For this it is worth making:

  • laboratory blood test;
  • a blood test for determining the level of sex hormones;
  • analysis for the level of bilirubin in the blood;
  • skiascopy;
  • spectrophotometric intracutaneous study;
  • Ultrasound of the peritoneum and organs that are responsible for the synthesis of hormones;
  • gastroscopy;
  • Studies that can identify infections and helminths in the body;
  • analysis on the level of hormones that produce the thyroid gland;
  • dermatoscopy;
  • analysis for infections that are sexually transmitted;
  • research on dysbiosis;
  • hepatic assays;
  • women who take oral contraceptives should consult a gynecologist regarding their replacement with another contraceptive.

It is also important to undergo a test that will exclude the presence of such pathologies in the patient:

  • Mongolian spot;
  • professional melanolulmia;
  • pigment nevus (giant or borderline);
  • secondary hyperpigmentation.

Only after confirming the diagnosis, the doctor will prescribe to the patient the necessary treatment for chloasma, which will depend on the causes of its appearance and other factors.

Treatment and prevention

For the treatment of the disease, the patient needs complex treatment, which he will be assigned:
  • dermatologists;
  • cosmetologist;
  • endocrinologist.

When detecting chloasma treatment is appointed in a complex:

  1. For the entire period of treatment, it is important for the patient to avoid being exposed to direct sunlight.
  2. Refuse or minimize the use of cosmetics, which includes ultraviolet filters.
  3. To suppress the production of melanin, mesotherapy is used. In addition to them cosmetic means with bleaching action are appointed.
  4. To destroy the pigment, laser irradiation and selective photothermolysis are carried out.
  5. Carrying out procedures such as cryotherapy, ANA-peeling, mesotherapy, biorevitalization and dermabrasion.

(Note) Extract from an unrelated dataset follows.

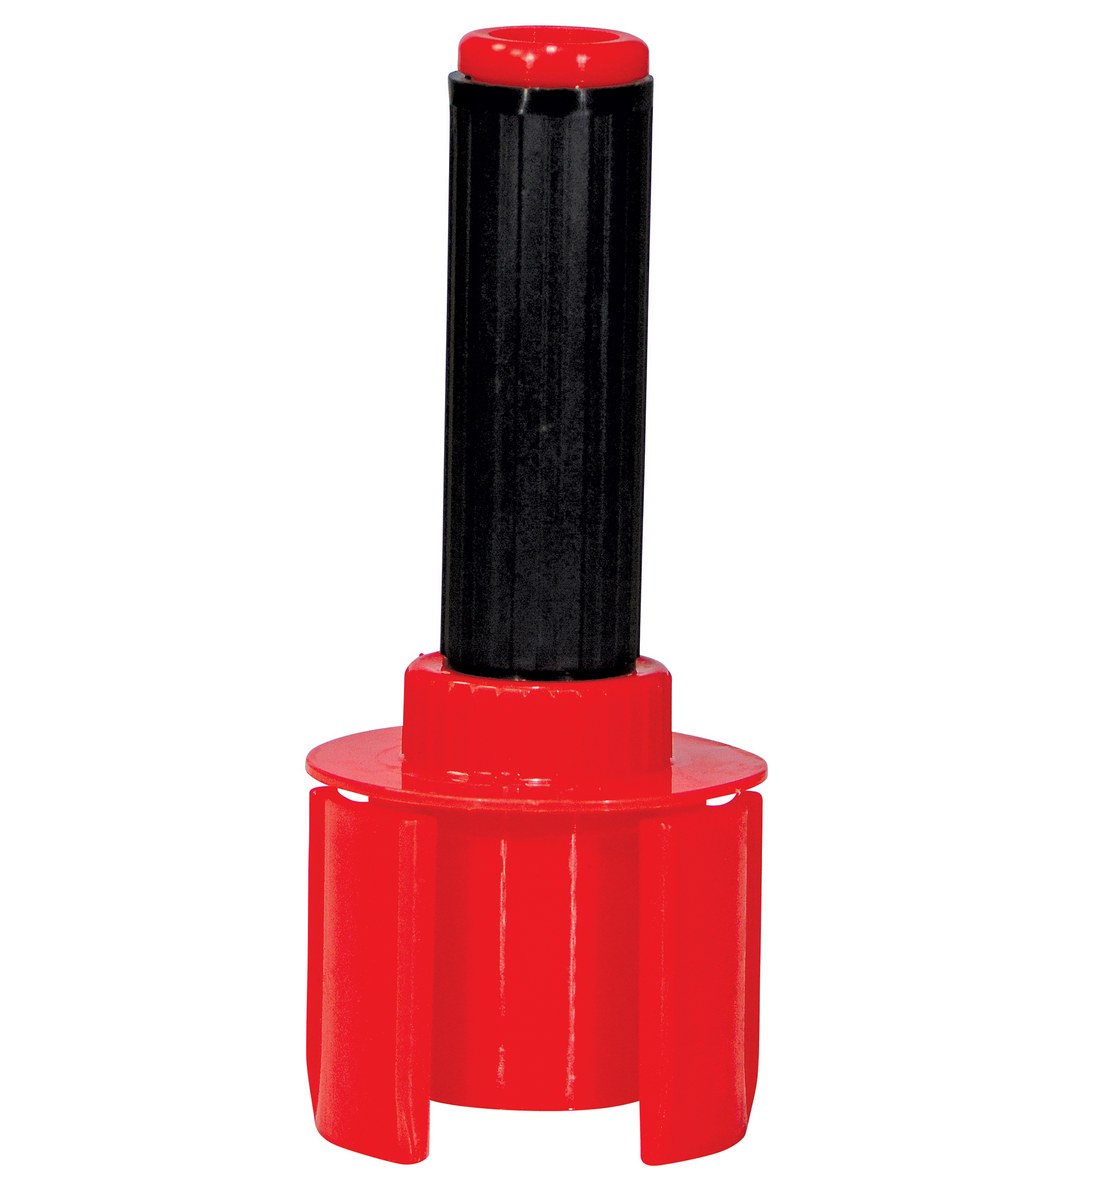 100 Handles Red Tension Handle Plastic Dispenser for Extended Core & Pipe Wrap Stretch Film 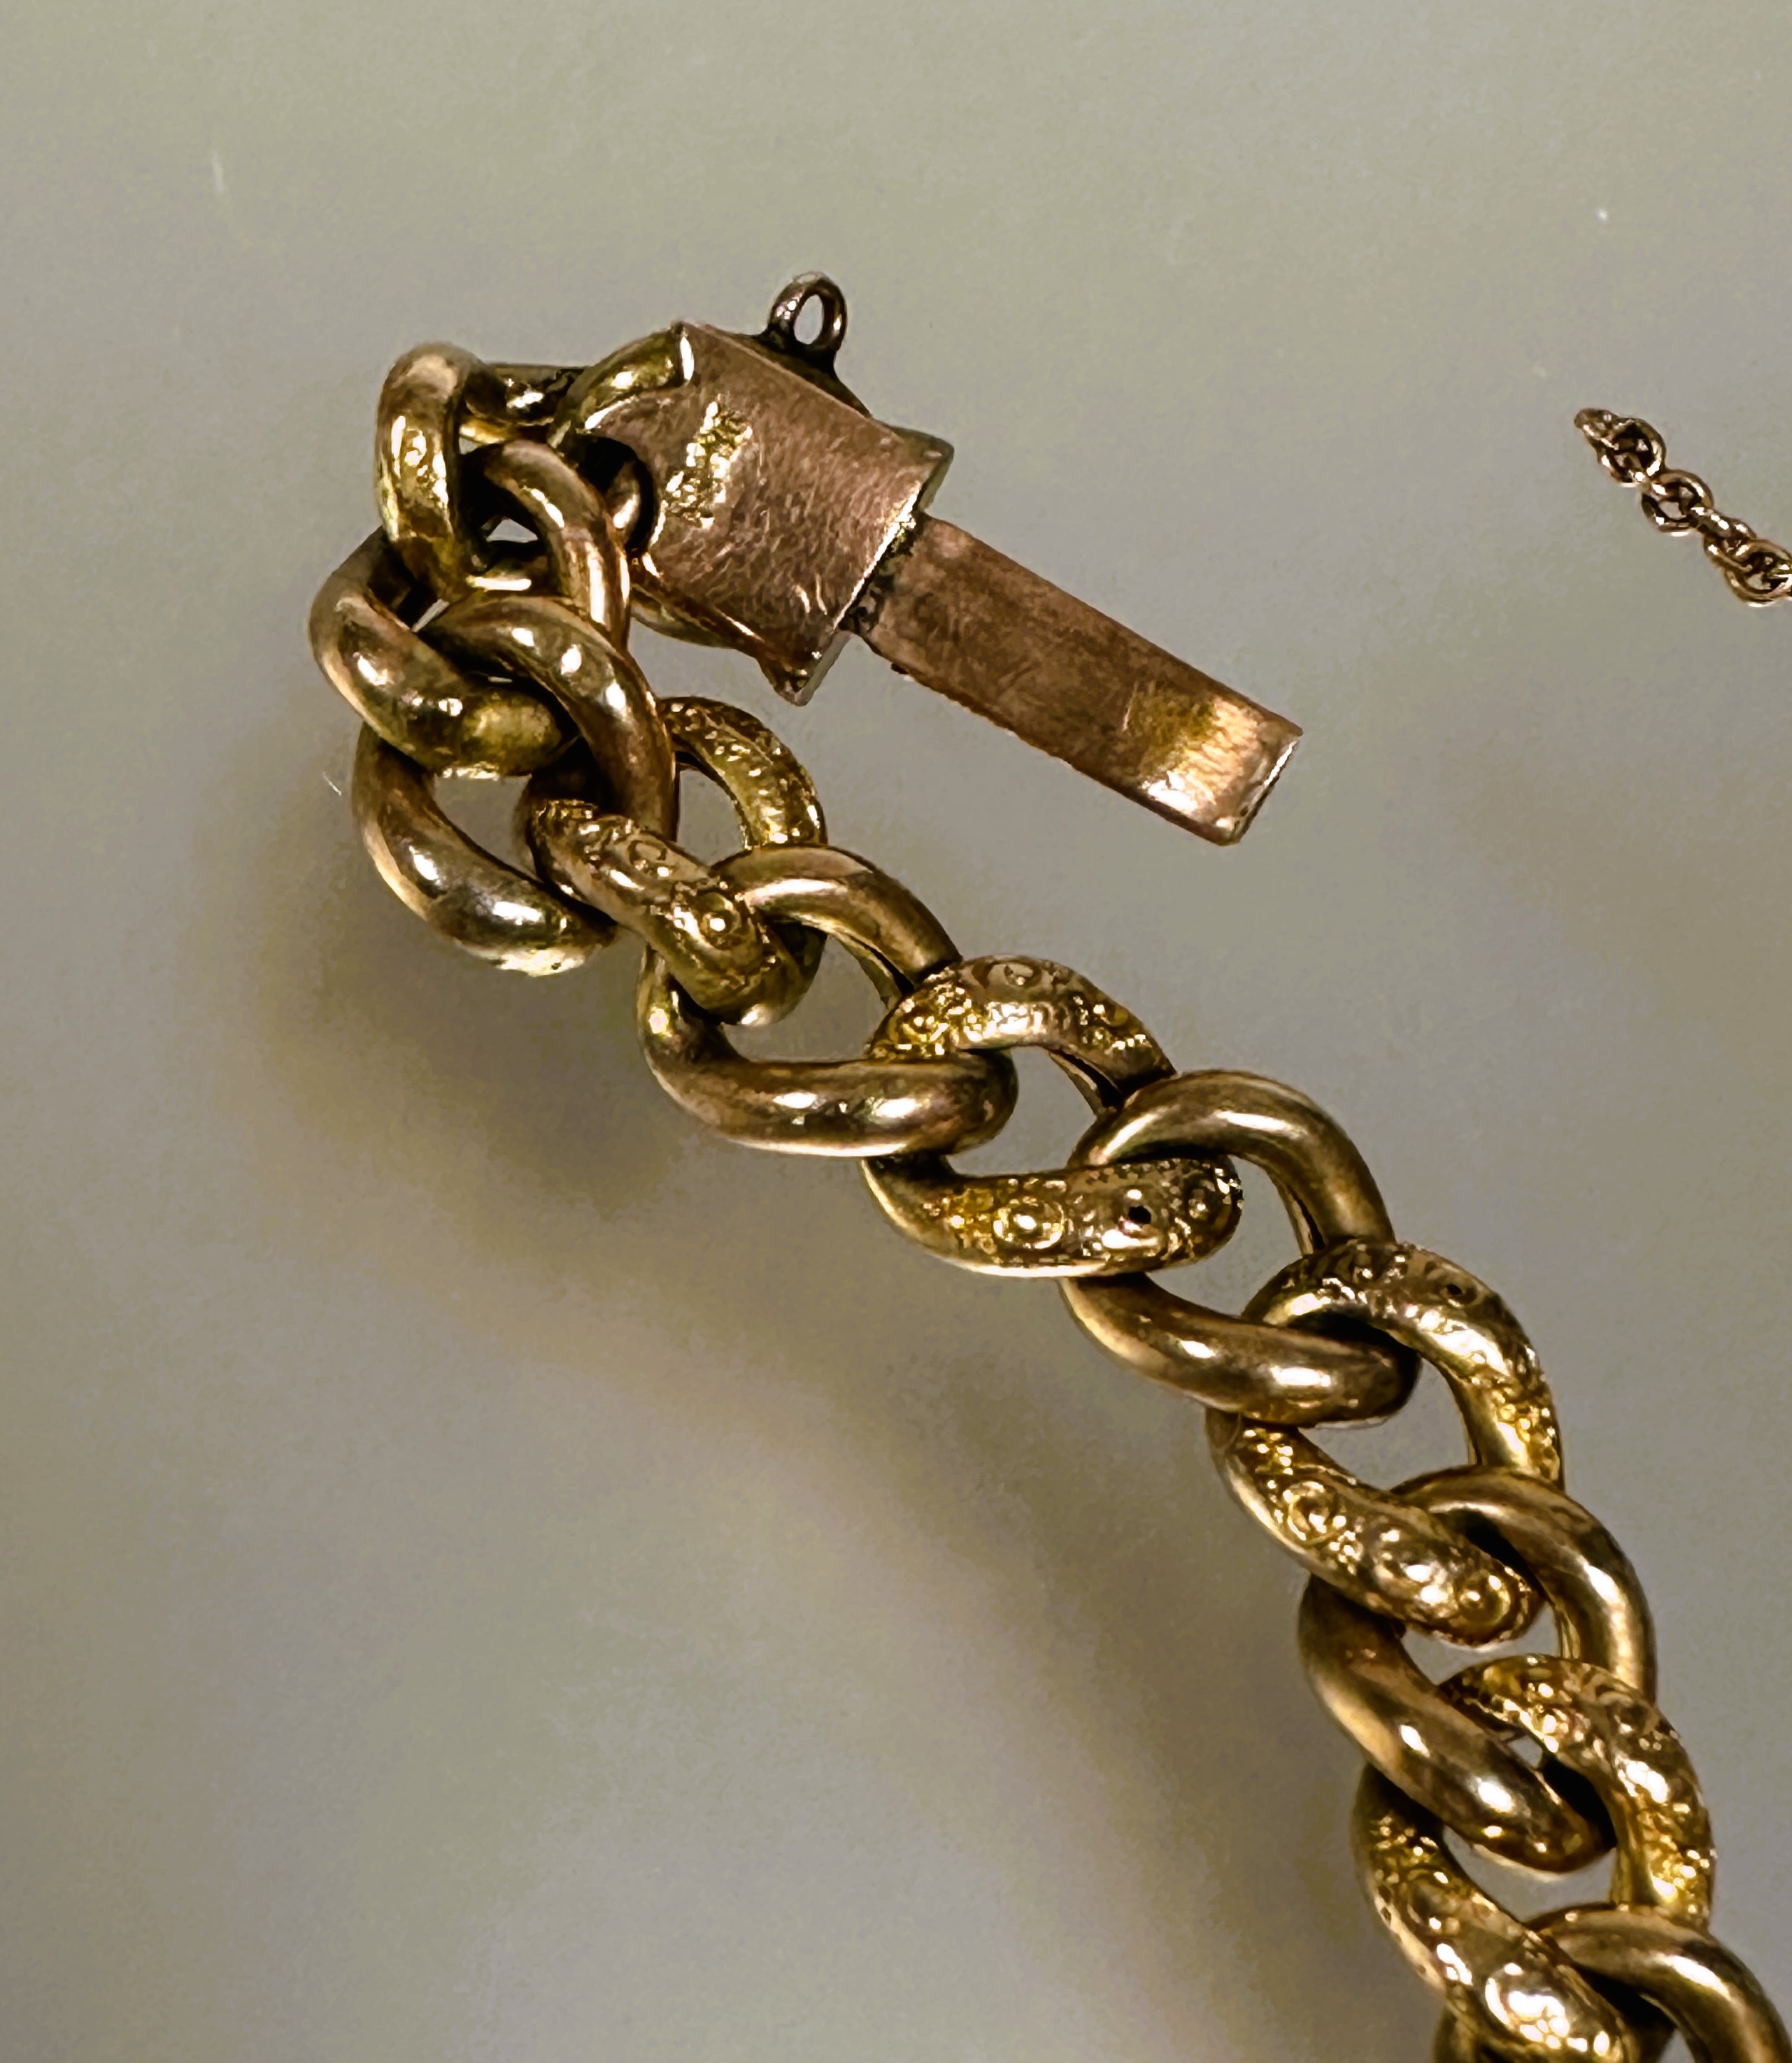 A late 19thc 9ct gold engraved kerb link chain bracelet with clasp fastening and safety chain - Image 5 of 5

In addition, the patient will be prescribed medications:

  • vitamin and mineral complexes;
  • hormonal contraceptives.

Affected area should be treated:

  • to peel with preparations based on lactic or citric acid;
  • use bleaching creams or ointments;
  • use a cream with exfoliating effect.

To reduce or slow down the synthesis process in the epidermis of melanin, use:

  • derivatives of ascorbic acid;
  • tyrosinase inhibitors;
  • inhibitors of melanocytes.
To prevent the occurrence of chloasma, physicians are advised not to visit the solarium and limit the time spent in the open sun. On sunny days, going out, you should treat the skin with sunscreen creams. And in the hot season choose free clothes that will not rub the skin of the body. It is also necessary to avoid skin contact with any chemicals that can erode the epidermis.